Banking on education

By Wang Zhefeng Source:Global Times Published: 2013-12-17 17:43:01

A new education platform will make it easier for students in Shanghai to graduate. Photo: IC



There's a new bank in Shanghai but this one doesn't deal in money. Established in 2012 the Shanghai Academic Credit Transfer and Accumulation Bank for Lifelong Education (SHCB) deals in academic qualifications from minor diplomas to major degrees.

It's a way of letting people accumulate qualifications in a range of subjects over the years and be able to access these and have them count towards an advanced degree or another qualification when they need it.

Its ultimate aim is to break the "one examination decides one's life" basis of education in China. Most adult education affiliated colleges in Shanghai have joined the bank.

For Wang Chen, one of the bank's earliest customers, the new system has already proved valuable. Wang is an electrical maintenance engineer with Shanghai Volkswagen. This year he had to enrol for an undergraduate course at the School of Continuing Education with the University of Shanghai For Science and Technology (USST).

With assistance from the bank Wang found his junior college test results would be credited by the university.
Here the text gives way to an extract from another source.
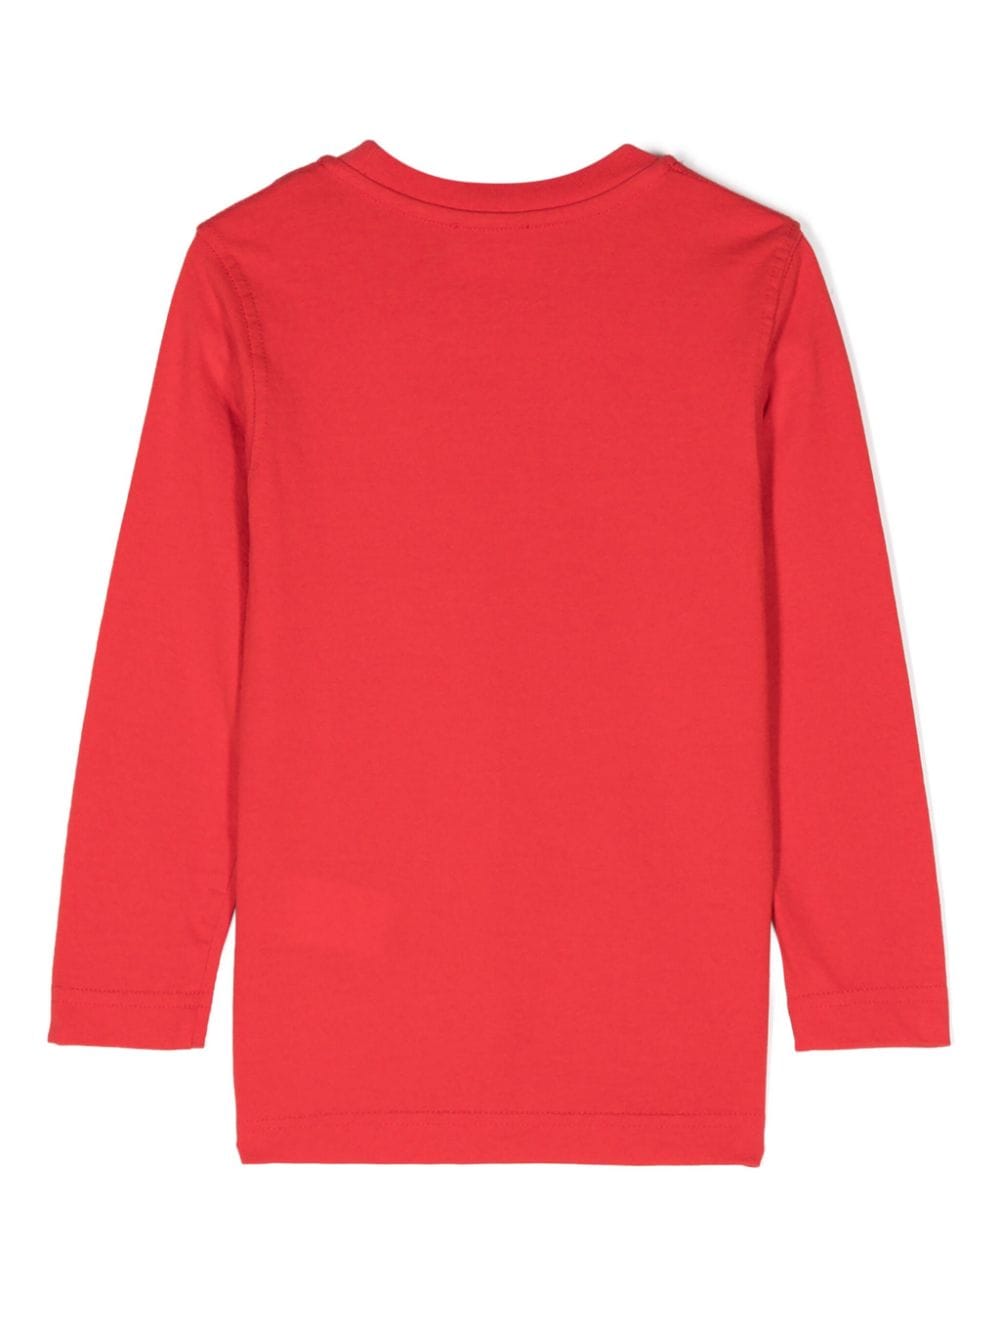 T-shirt per bambino in cotone rossa
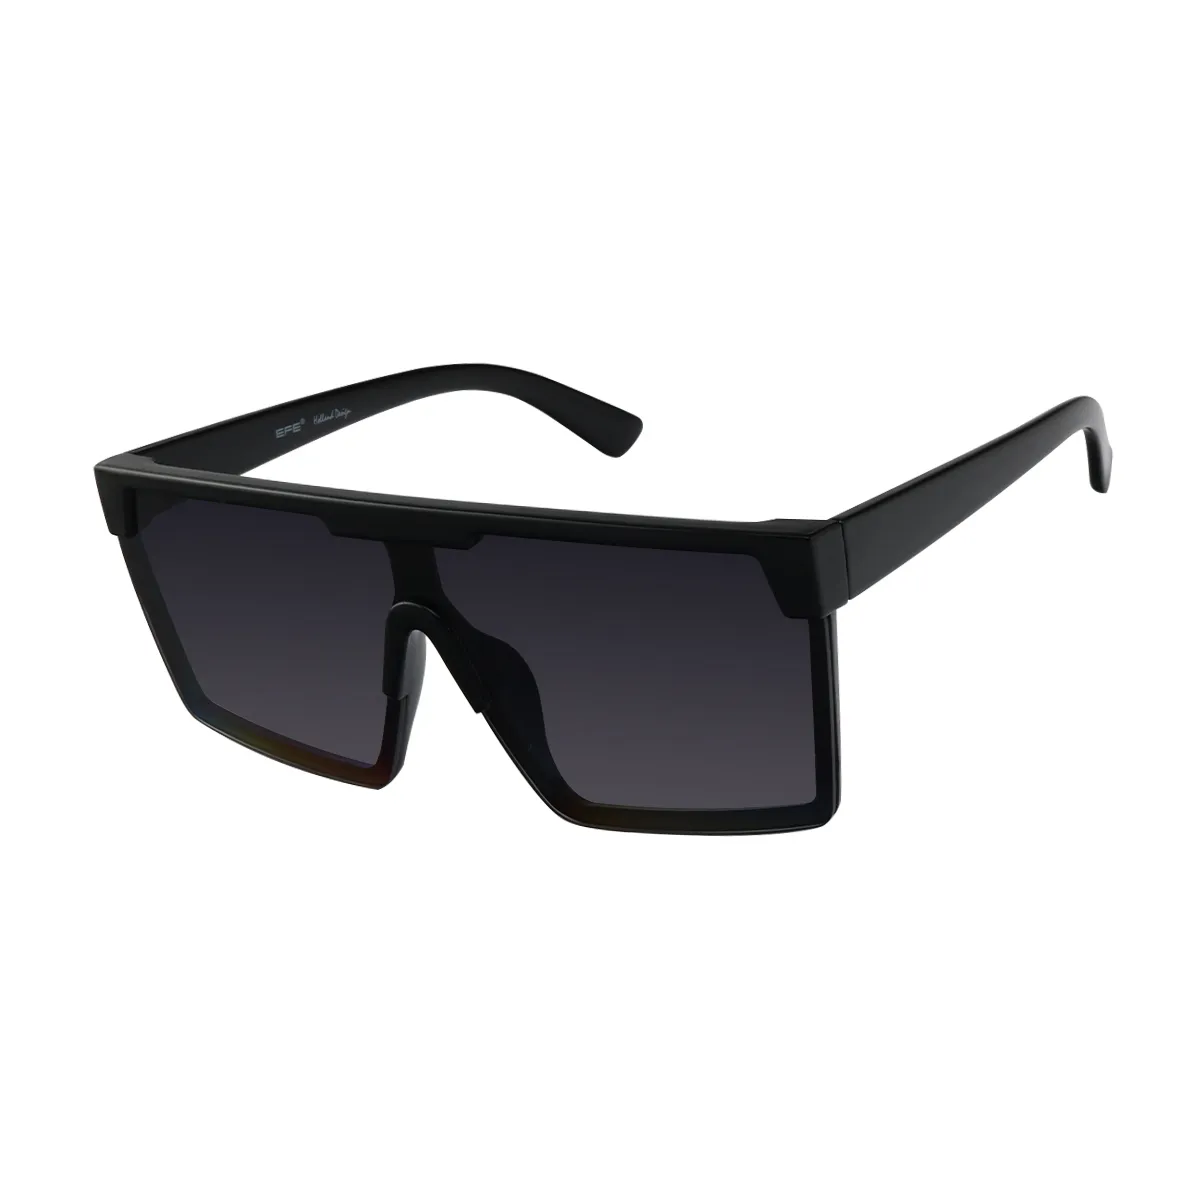 Reese -  Black Sunglasses for Women

And because he has a national College English Test-6 Certificate and an advanced diploma for electrical maintenance, he is exempt from having to take four otherwise compulsory courses at the university.

"It's really good for me and saves me a lot of time," Wang said.

Wang is one of the 604 students at the USST who have been allowed to transfer credits and diplomas from outside the university. In the past year 604 students have transferred 3,668 school credits, over 1,124 courses, said Huang Kai, a section head with the School of Continuing Education, USST.

The website of the Shanghai Academic Credit Transfer and Accumulation Bank for Lifelong Education Photo: Yang Hui/GT



An important part

The USST is only one of the institutions now linked to the bank which was sponsored and is managed by the Shanghai Municipal Education Commission. It is considered to be an important part of Shanghai's lifelong education system, offering citizens a platform for the recognition, accumulation and transfer of educational achievements.

At present 53 continuing education schools, colleges or universities, and 15 independent adult colleges and universities have joined the bank in Shanghai. The bank has 21 branches located in 17 districts all over Shanghai and this is the first platform of its kind in China.

Sun Yaoting is the vice director of the bank's administration center and said that up to mid-November, 409,238 people in Shanghai had opened accounts with the SHCB depositing 940,000 test scores from a variety of schools and institutions. More than 100,000 credits have been transferred already and that does not include the fall semester.

USST's Huang told the Global Times that usually universities concentrated on teaching theoretical knowledge and did not offer practical courses or vocational training. But because practical skills and vocational training are essential for some careers, students have to acquire these outside of their universities. The bank offers students a way of combining their course studies more efficiently.

At its orientation week this year, the USST's School of Continuing Education told students wanting to open accounts with the bank and have credits or diplomas from other institutions approved, to submit applications signed by their course lecturers and copies of the credits or diplomas. The list of the students who had credits approved was later pinned on the school's noticeboards.

Zhang Cailong is the vice president of the School of Continuing Education, Shanghai Donghai Vocational and Technical College. He said Donghai joined the bank this year and all of the 400-plus students of the school had opened accounts. The school is now reviewing the various credits that will be accepted and credit transfers will begin next semester.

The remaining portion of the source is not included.